● YOUR ASSIGNMENT: An exact copy of all the data is needed, with every picture left out.

----- THE DATA

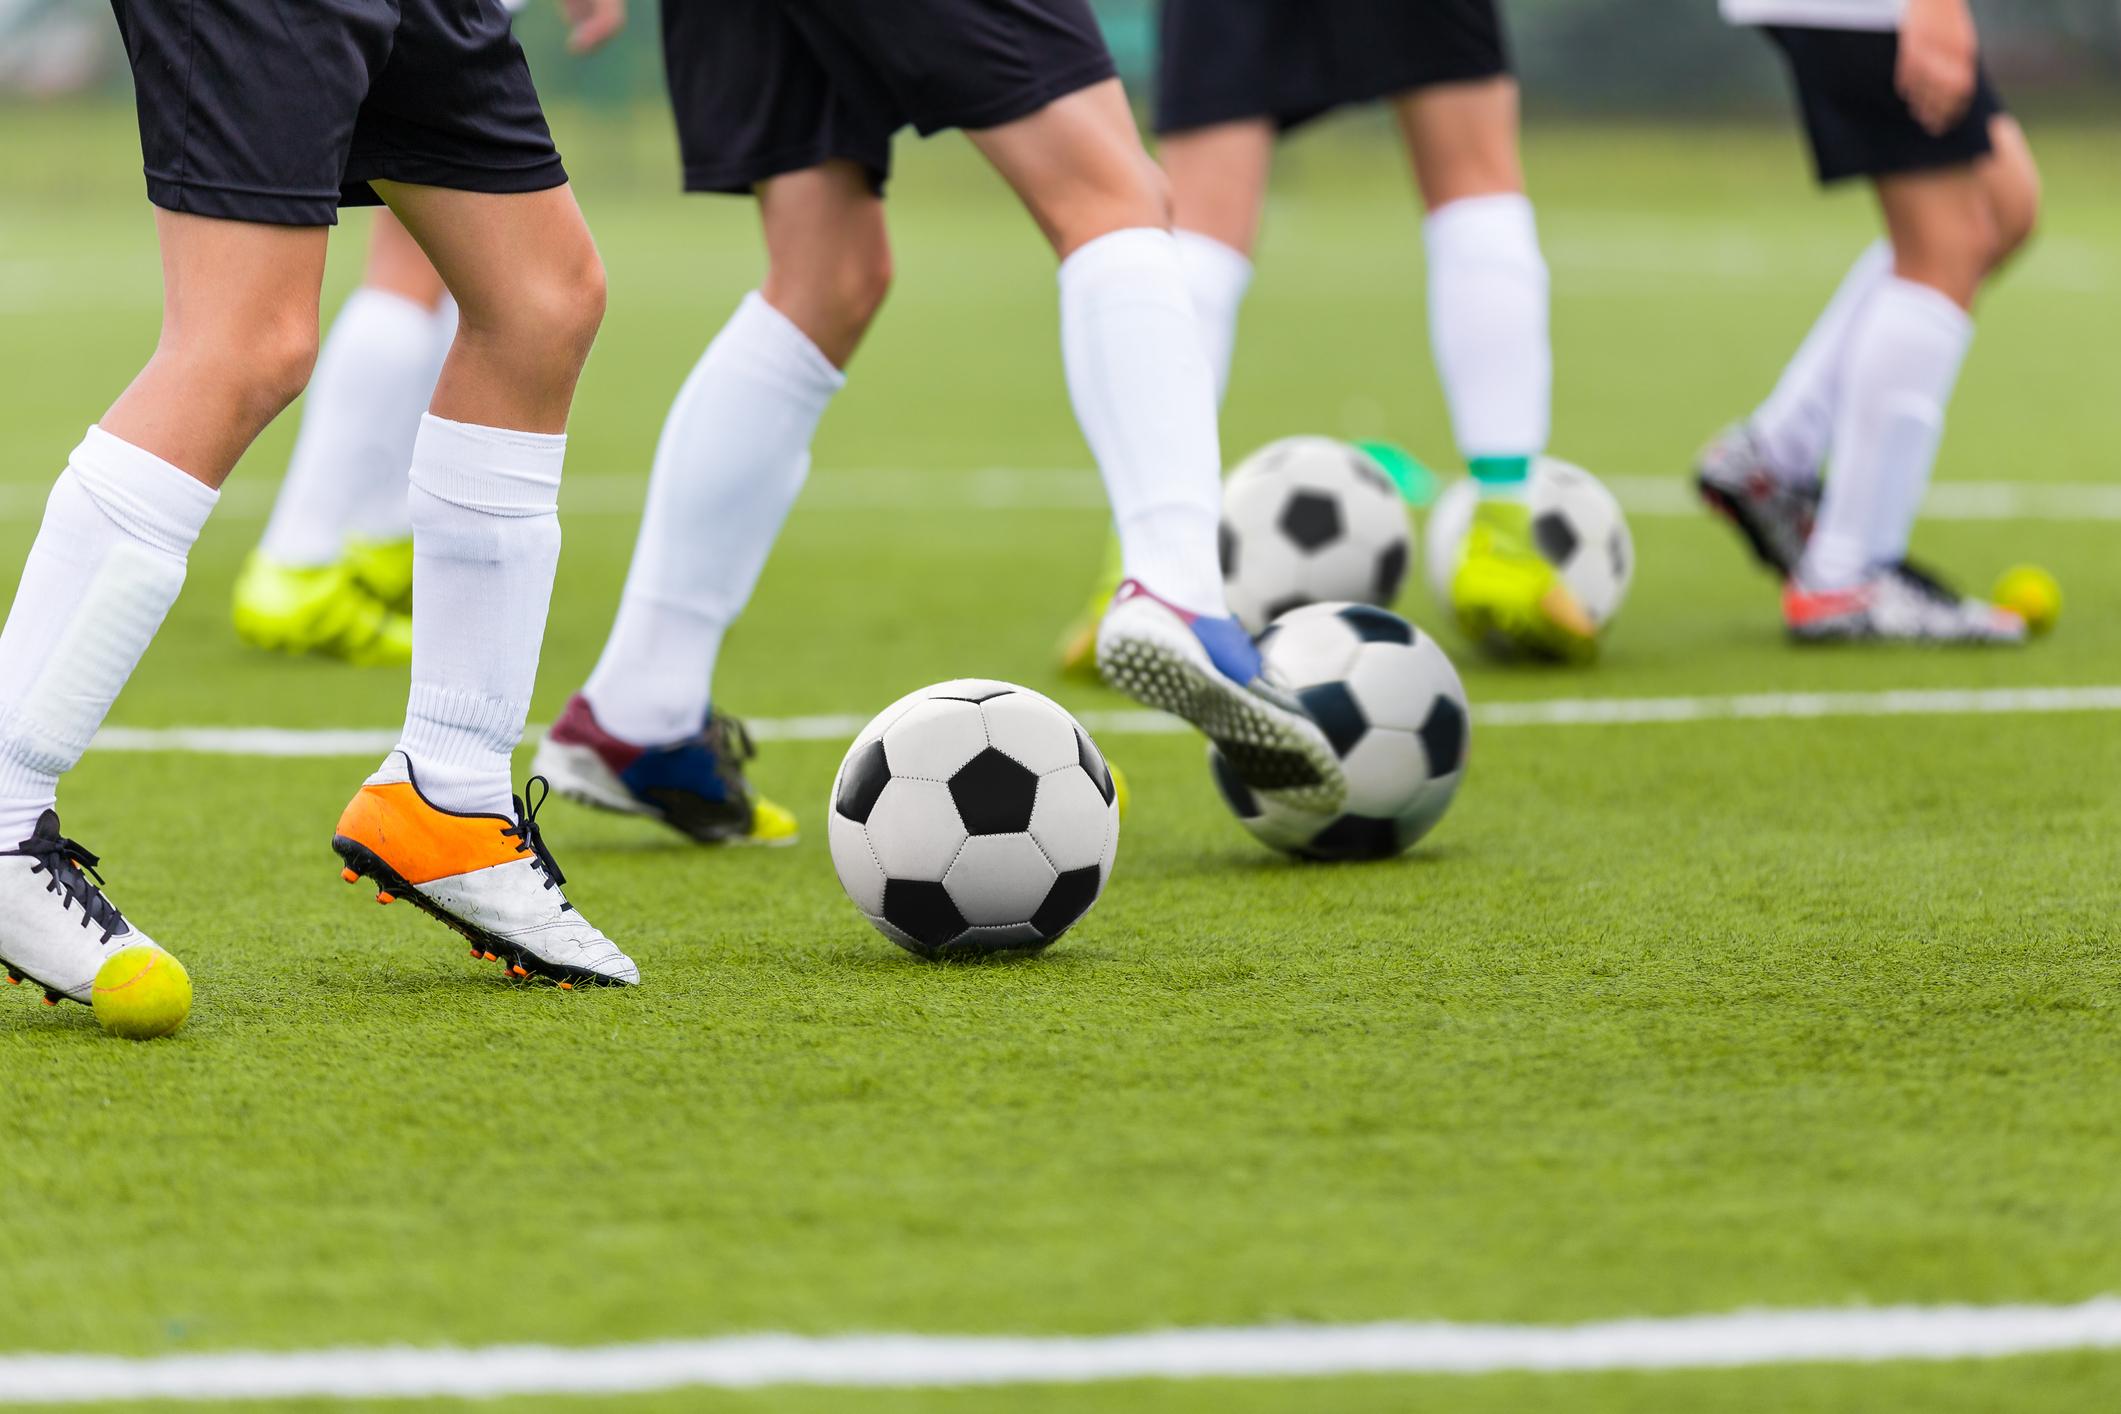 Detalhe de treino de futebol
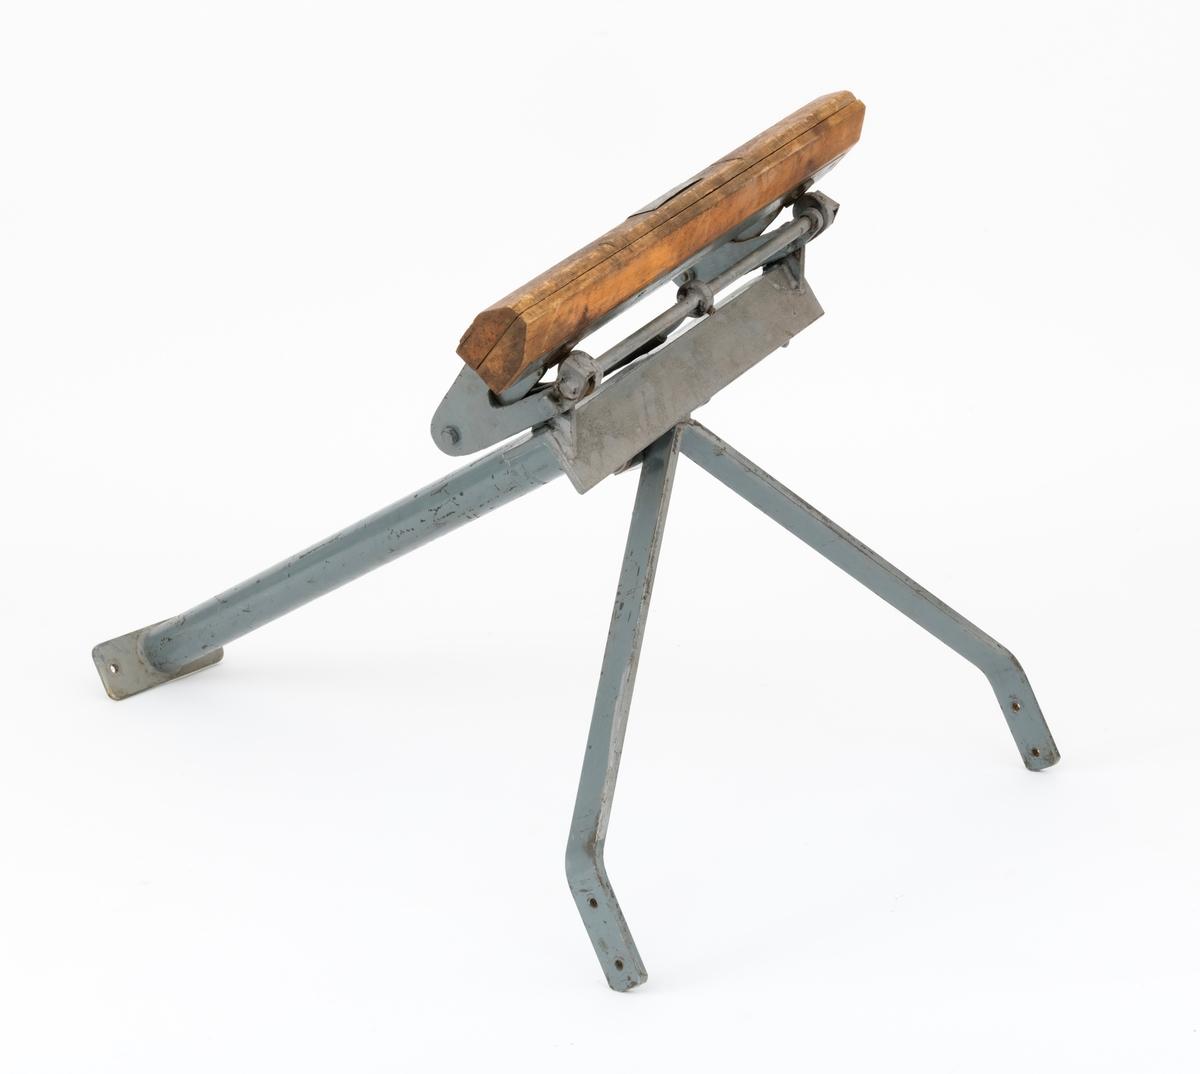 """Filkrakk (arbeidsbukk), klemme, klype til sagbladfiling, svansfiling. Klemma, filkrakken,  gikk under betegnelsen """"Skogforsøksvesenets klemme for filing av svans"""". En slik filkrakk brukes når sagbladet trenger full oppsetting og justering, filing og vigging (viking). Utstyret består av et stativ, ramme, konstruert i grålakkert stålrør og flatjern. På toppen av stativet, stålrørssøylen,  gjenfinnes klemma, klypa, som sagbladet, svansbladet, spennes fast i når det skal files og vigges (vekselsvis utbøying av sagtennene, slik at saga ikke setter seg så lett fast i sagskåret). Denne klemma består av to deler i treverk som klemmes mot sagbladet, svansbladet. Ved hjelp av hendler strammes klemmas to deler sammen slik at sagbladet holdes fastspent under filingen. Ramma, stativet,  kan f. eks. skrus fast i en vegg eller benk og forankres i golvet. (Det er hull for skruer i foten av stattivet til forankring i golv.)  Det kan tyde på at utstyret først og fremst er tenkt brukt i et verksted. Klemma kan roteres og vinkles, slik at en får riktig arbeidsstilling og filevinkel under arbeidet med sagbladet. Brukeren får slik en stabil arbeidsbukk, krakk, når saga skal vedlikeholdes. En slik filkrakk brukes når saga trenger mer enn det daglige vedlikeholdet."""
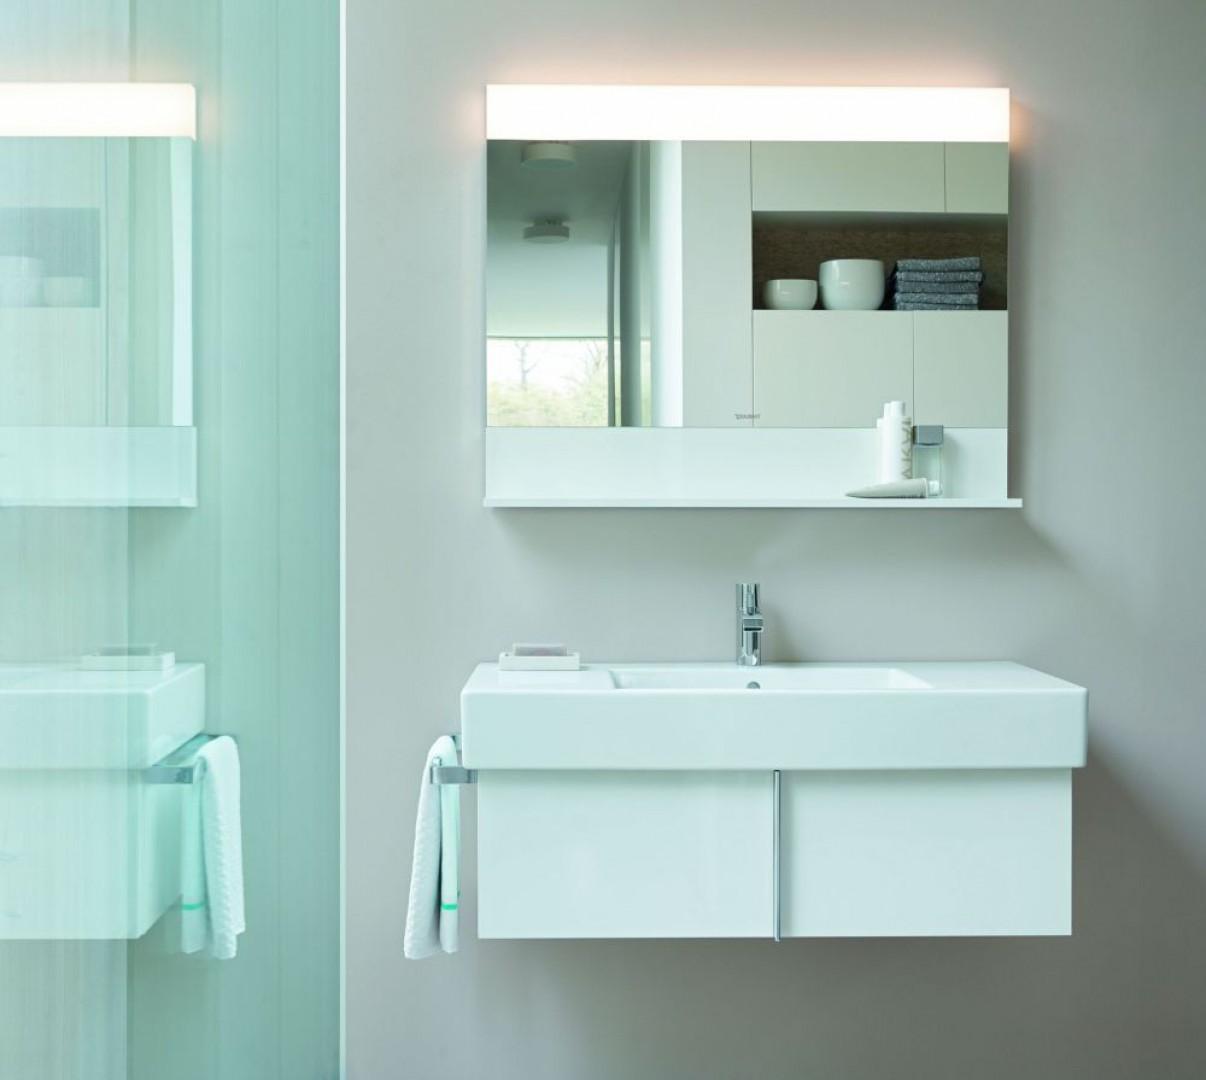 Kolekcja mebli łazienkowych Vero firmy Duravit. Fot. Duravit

----------

● ANSWER FOR THIS EXERCISE:
 Detalhe de treino de futebol
 """Filkrakk (arbeidsbukk), klemme, klype til sagbladfiling, svansfiling. Klemma, filkrakken,  gikk under betegnelsen """"Skogforsøksvesenets klemme for filing av svans"""". En slik filkrakk brukes når sagbladet trenger full oppsetting og justering, filing og vigging (viking). Utstyret består av et stativ, ramme, konstruert i grålakkert stålrør og flatjern. På toppen av stativet, stålrørssøylen,  gjenfinnes klemma, klypa, som sagbladet, svansbladet, spennes fast i når det skal files og vigges (vekselsvis utbøying av sagtennene, slik at saga ikke setter seg så lett fast i sagskåret). Denne klemma består av to deler i treverk som klemmes mot sagbladet, svansbladet. Ved hjelp av hendler strammes klemmas to deler sammen slik at sagbladet holdes fastspent under filingen. Ramma, stativet,  kan f. eks. skrus fast i en vegg eller benk og forankres i golvet. (Det er hull for skruer i foten av stattivet til forankring i golv.)  Det kan tyde på at utstyret først og fremst er tenkt brukt i et verksted. Klemma kan roteres og vinkles, slik at en får riktig arbeidsstilling og filevinkel under arbeidet med sagbladet. Brukeren får slik en stabil arbeidsbukk, krakk, når saga skal vedlikeholdes. En slik filkrakk brukes når saga trenger mer enn det daglige vedlikeholdet."""
 Kolekcja mebli łazienkowych Vero firmy Duravit. Fot. Duravit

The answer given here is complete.